Aku sontak mengernyit, terganggu dengan gurauannya yang sama sekali tidak lucu. Ralat, tidak tepat waktu. Dia menyadari perubahan sikapku dan langsung meminta maaf. “Sorry, sorry, saya tidak ada maksud apa-apa, hanya sekedar intermeso agar suasana hatimu membaik saja.”

Aku sengaja mendiamkannya hingga dia semakin salah tingkah. “Saya hanya merasa dia masih ada bersama kita, jadi ya, entahlah!” Jery mendesah dengan wajah menyesal yang dibuat-buat.

Aku mencibir muak. “Saya tahu anda merasa lega karena Radit sudah tidak ada.”

Bukannya tersinggung, Jery malah tertawa keras. “Kamu itu serius sekali, Seli. Pantas saja Kris begitu khawatir,”

Dia tidak melanjutkan kalimatnya. Ada keterkejutan yang berusaha dia sembunyikan. Aku yakin kalimat yang baru saja keluar dari mulutnya bukanlah kalimat yang diharapkan. Dia pikir, aku pasti akan mencecarnya dengan berbagai pertanyaan setelahnya. Tetapi aku memilih diam, membiarkannya mengganti topik pembicaraan sesuka hatinya.

“Radit itu lulusan MT terbaik di angkatan saya, tetapi dia menolak jabatan kepala cabang yang ditawarkan dan memilih menemani sahabatnya yang terbuang ke divisi kalian.” Nadanya jelas meremehkan, tetapi aku mengerti maksud dari ucapannya.

Lulusan MT di kantorku diharapkan bisa mengisi posisi-posisi penting di bagian bisnis dan operasional, menjadi pemimpin-pemimpin di cabang agar bisa mengembangkan perusahaan. Bukan di bagian support seperti internal audit.

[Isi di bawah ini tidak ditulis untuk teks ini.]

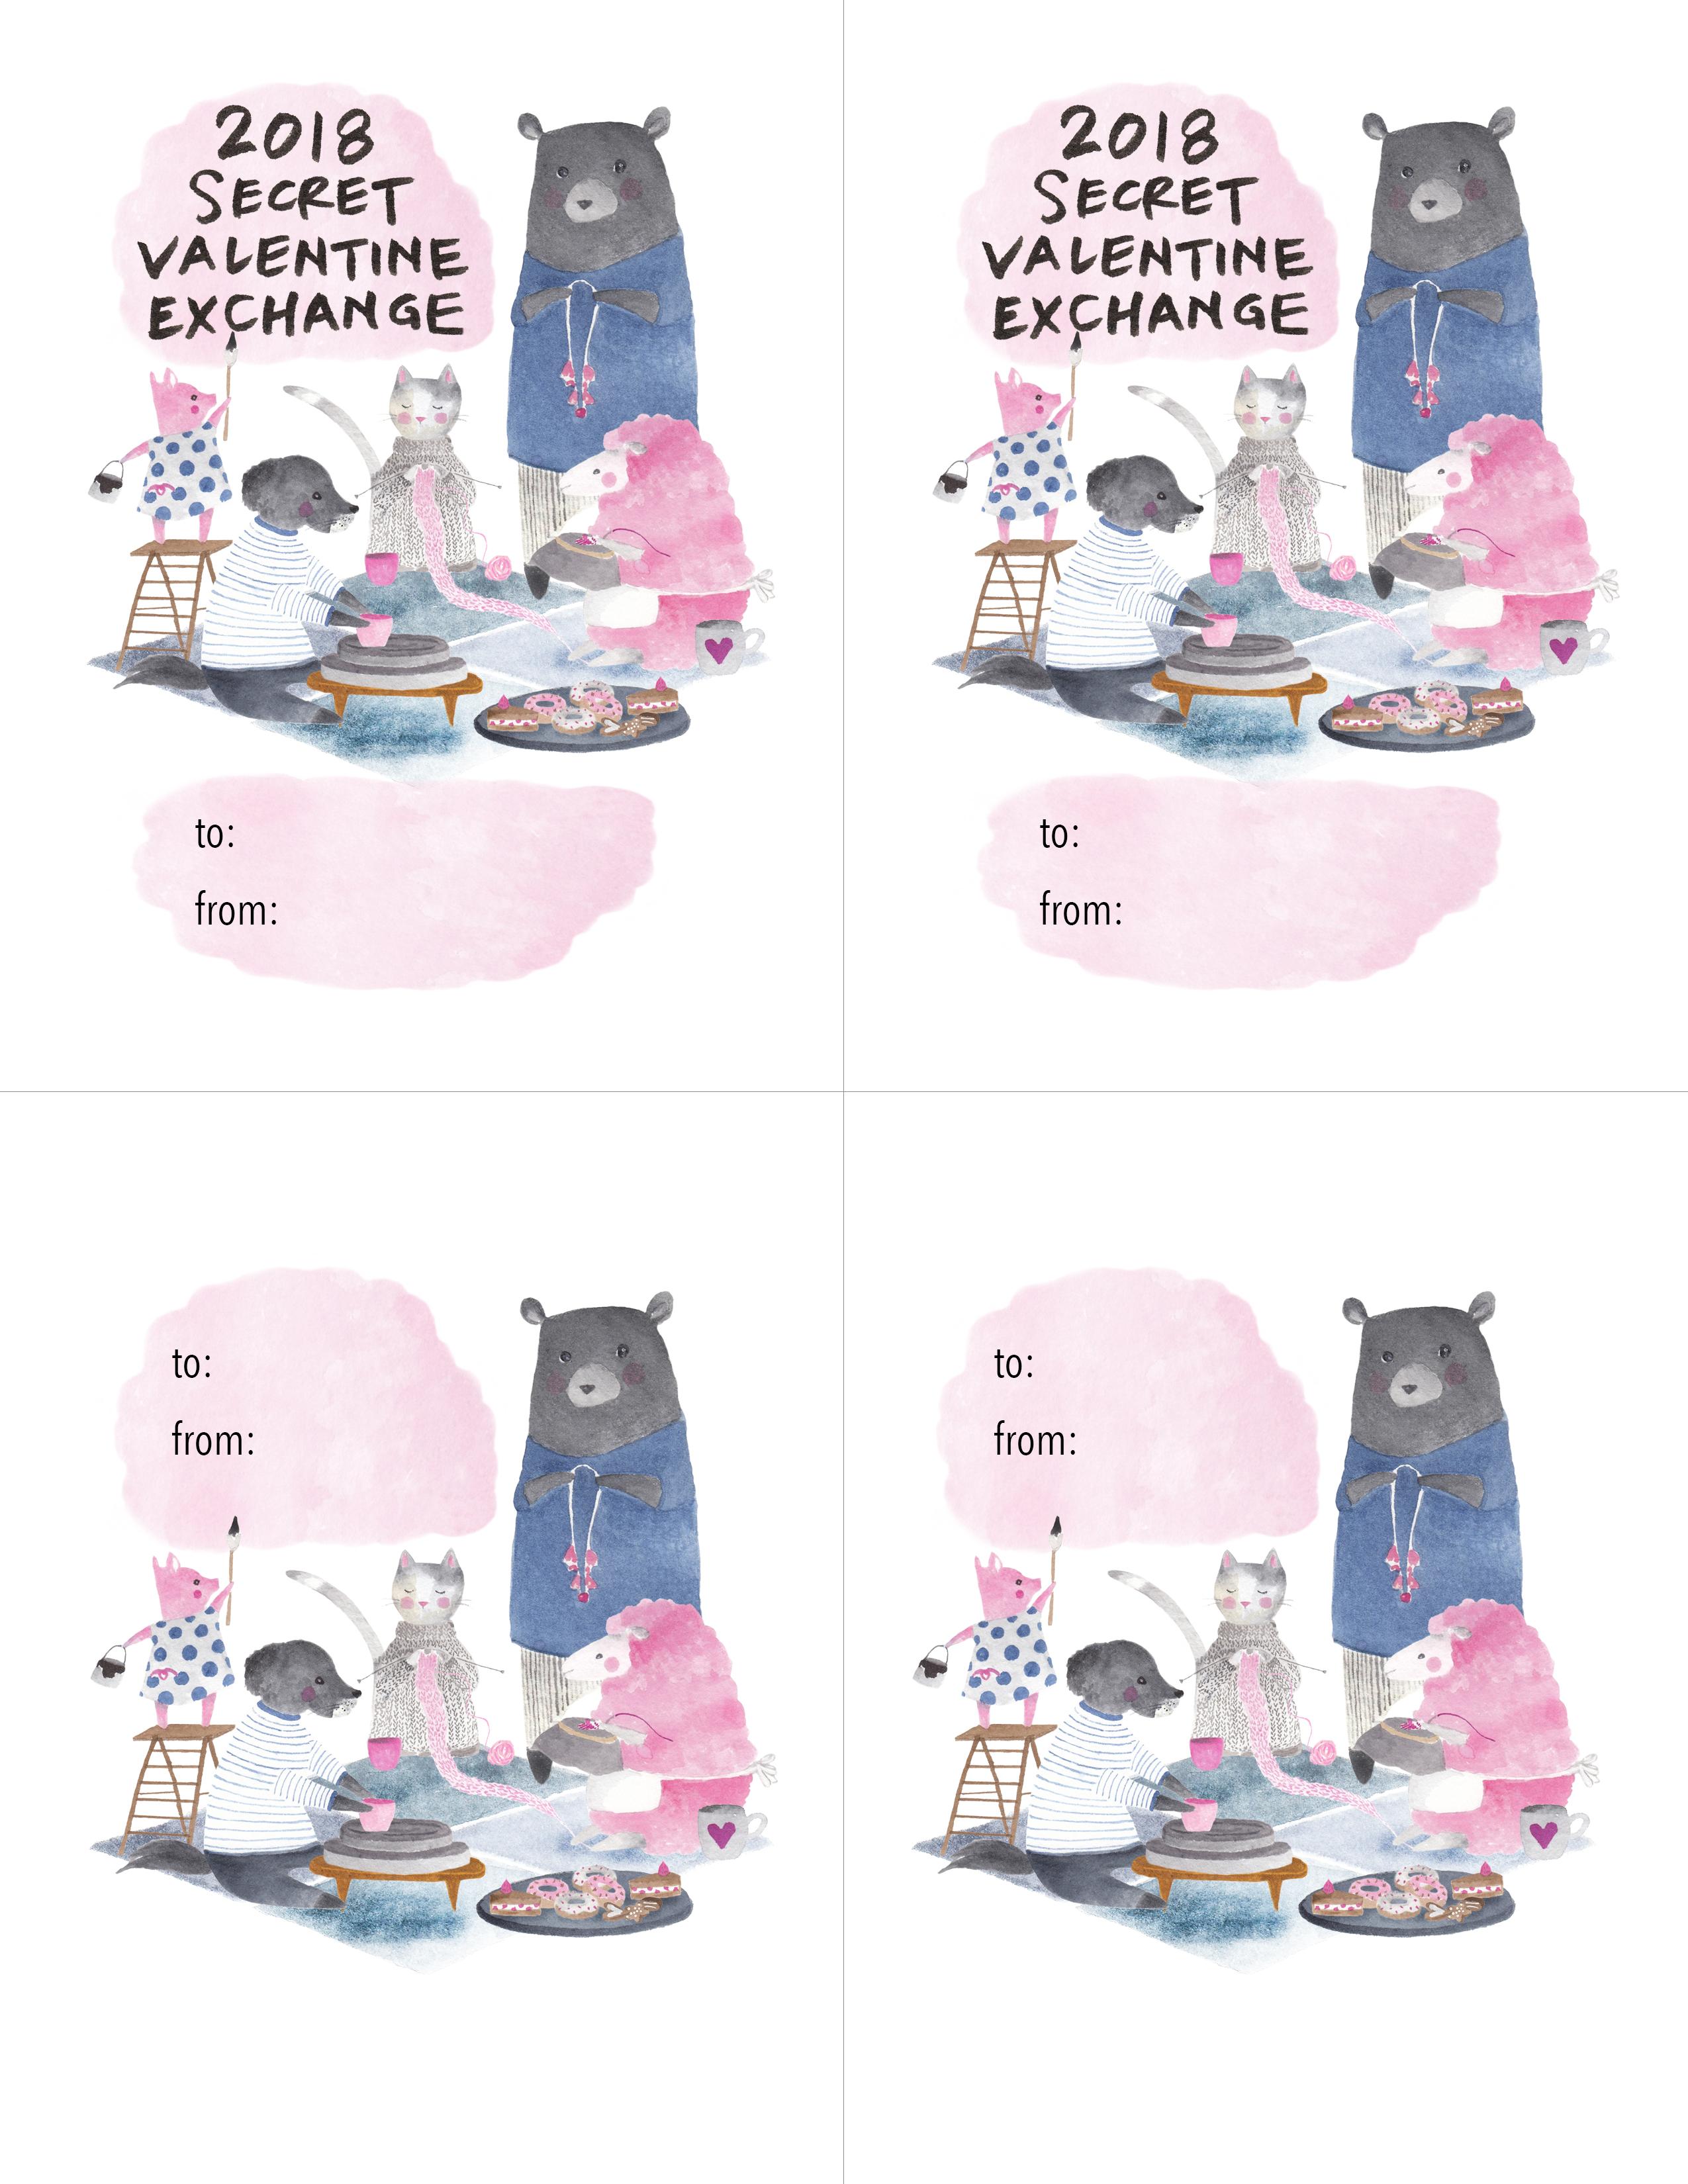 Secret Valentine Exchange Sanae Ishida

Kris sebenarnya bukan terbuang karena tidak mampu memenuhi harapan itu, hanya saja dia terlalu keras kepala untuk menjadi penurut selama masa On Job Training. Kris yang pemberontak dan tidak fleksibel dianggap lebih tepat mengisi posisi sebagai auditor. Dan Radit yang terlalu setiakawan, tentu saja ikut mencemplungkan diri meskipun diiringi banyak penyesalan dari para mentornya.

“Kami semua tahu, Kris sangat beruntung memiliki sahabat sebaik Radit, tetapi entah bagaimana awalnya hubungan mereka yang sedekat itu tiba-tiba jadi tidak baik-baik saja.” Jery menyesap kopi hitamnya.